James H. Southgate

A portrait of a man in an old black and white photograph.
James H. Southgate

James Haywood Southgate (July 12, 1859 – September 29, 1916), was an American spokesman for prohibition. He served as the Vice Presidential candidate of a faction of the Prohibition Party which broke away from the main party in 1896, running with Charles Eugene Bentley.

Biography

Southgate was born in Norfolk, Virginia, on 12 July 1859, the son of James and Delia (née Haywood) Southgate, and was a descendant of John Southgate of England. He moved with his parents to North Carolina in 1861; there, he attended local academies, and the University of North Carolina (1876–78). He was engaged in the banking and insurance business in Durham, North Carolina, after 1882. That year, he married Katherine “Kate” Fuller, the daughter of Bartholomew and Wilhelmena (née Haldane) Fuller. She bore him two sons before her sudden death in 1893.

He was a Democrat and became president of the YMCA of North Carolina, as well as treasurer of the State Sunday School Association.
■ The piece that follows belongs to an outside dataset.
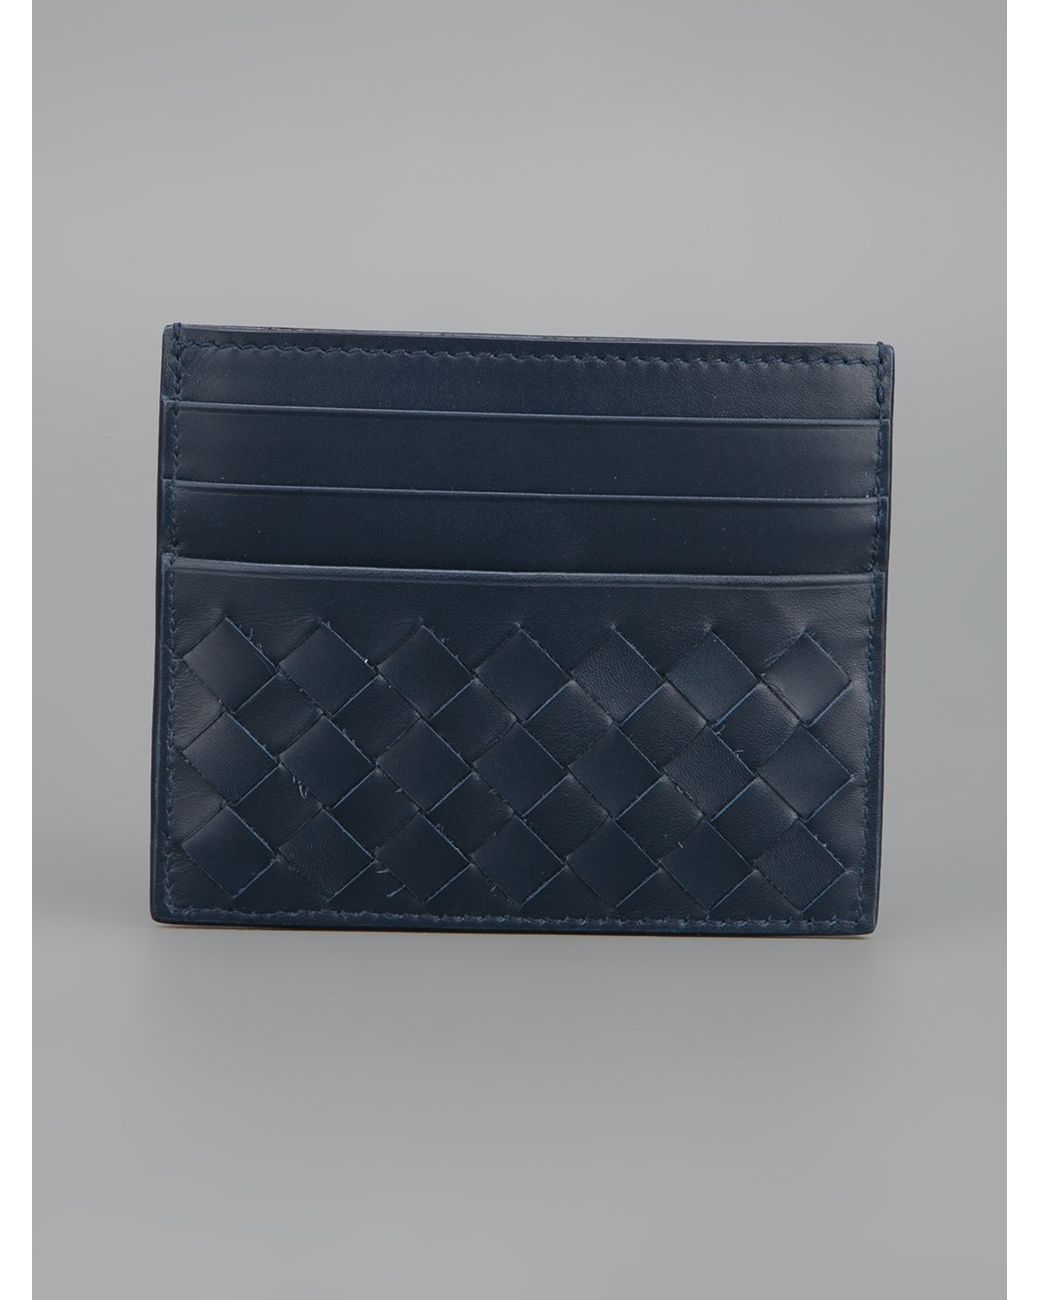 Mens Accessories Wallets and cardholders Bottega Veneta Leather Slim Long Wallet in Deep Blue Blue for Men 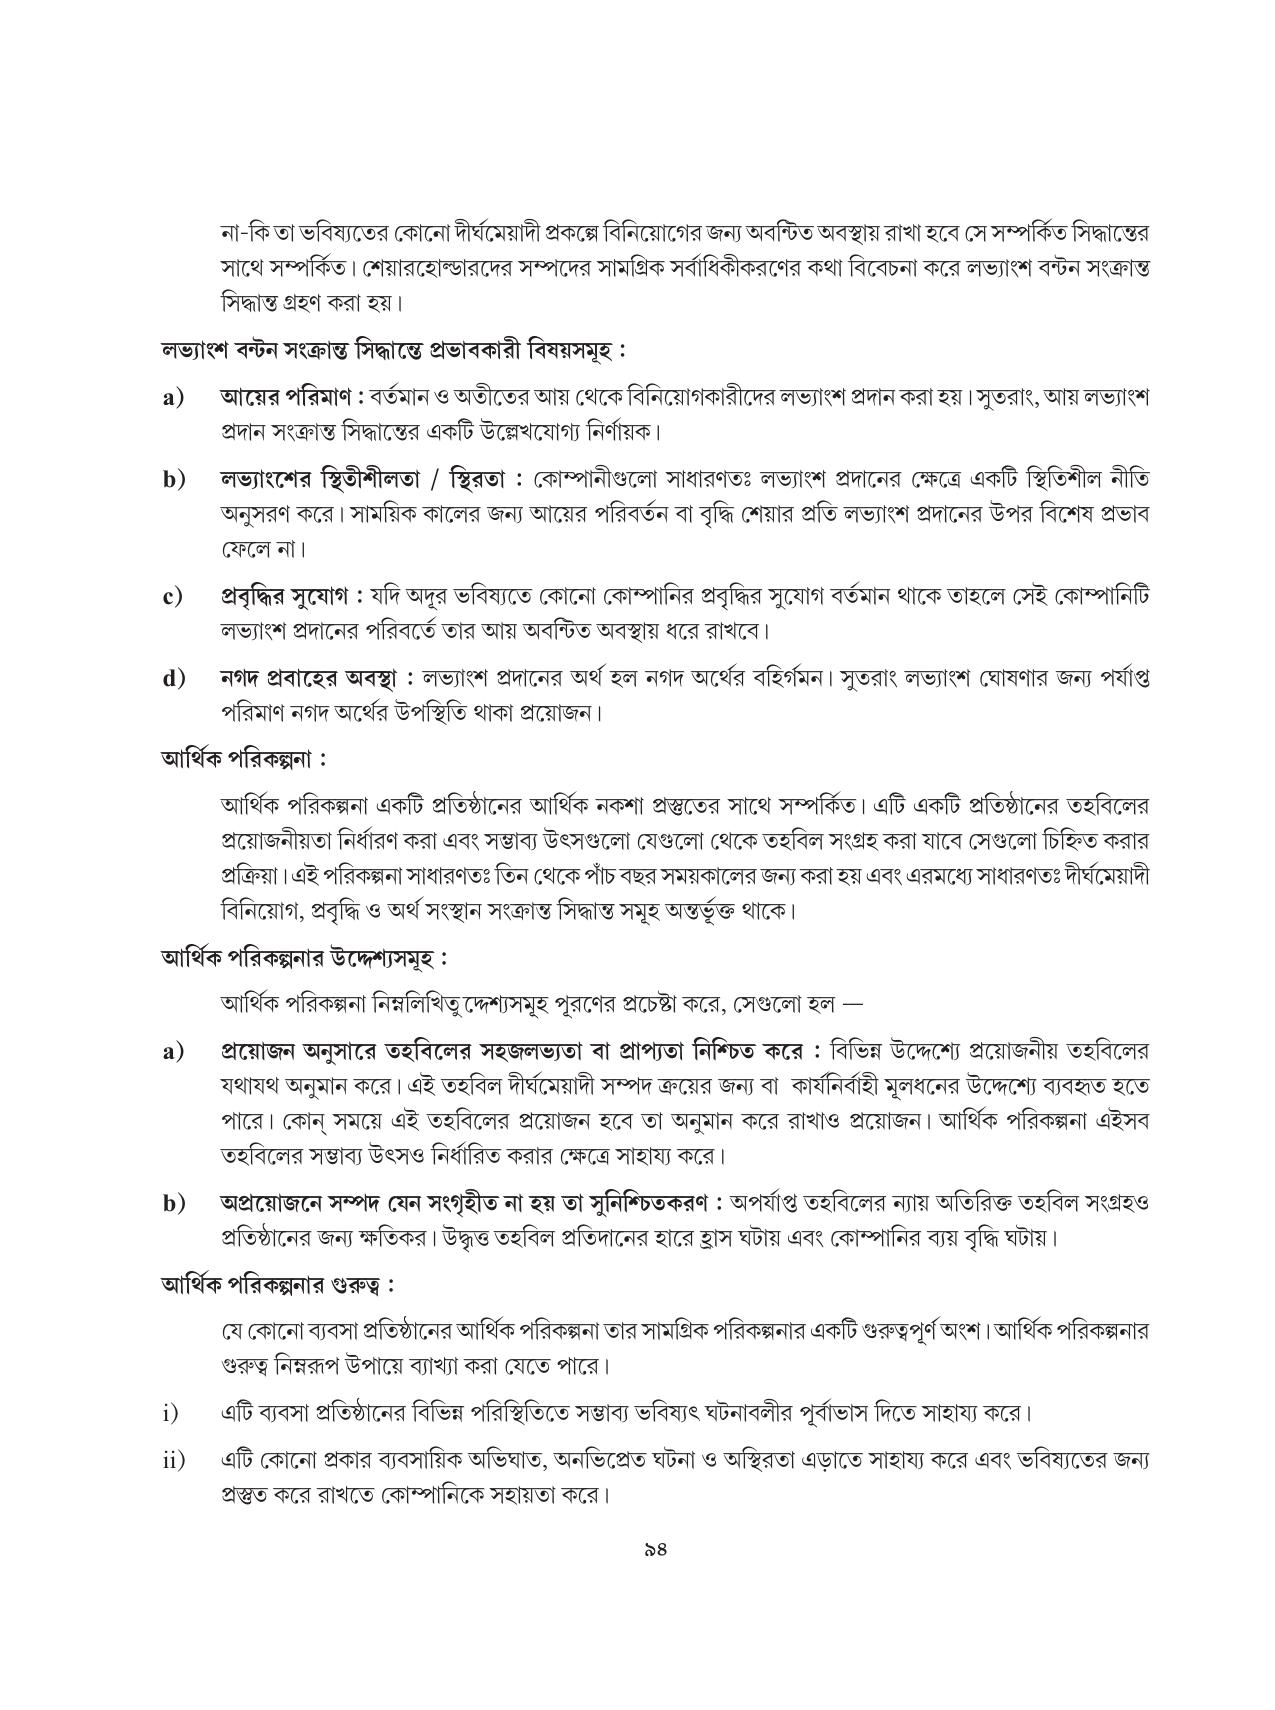 Tripura Board Class 12 Karbari Shastra Bengali Version Workbooks - Page 94

He later joined the Prohibition Party and became a member of the platform committee, which held hearings at Cincinnati, Ohio, in 1892.

In Pittsburgh, Pennsylvania in 1896, he voted with a breakaway faction of the party that attempted to broaden the party’s appeal beyond the issue of prohibition. Styled as the “National Prohibition Party,” “The Liberty Party,” or the “Silver Prohibitionists” (after their desire to have the dollar based on the value of silver rather than gold), this party nominated Charles Eugene Bentley of Nebraska for President and Southgate for Vice President. Although many of their supporters abandoned the ticket for Democrat William Jennings Bryan, Bentley and Southgate campaigned without anger or recrimination. The ticket garned 19,363 votes out of a total of 14 million total votes cast that year, far below the 1892 showing for the party.

A civic leader in Durham, Southgate became a trustee of both Trinity College and Duke University in that city. Southgate died at his home, “Southgate Cabin,” in Durham on 29 September 1916 at the age of 57. He was laid to rest in the Maplewood Cemetery in that city.

References

Colvin, David Leigh, “Prohibition in the United States: A History of the Prohibition Party, and of the Prohibition Movement” (New York: George H. Doran Company, 1926), 256-57.

Russell, Mattie U., “Southgate, James Haywood” in William S. Powell, ed., “Dictionary of North Carolina Biography” (Chapel Hill: University of North Carolina Press; six volumes, 1979–96), V:401-02.

“[Obituary:] Jas. H. Southgate, Prohibitionist,” The New York Times, 30 September 1916, 11.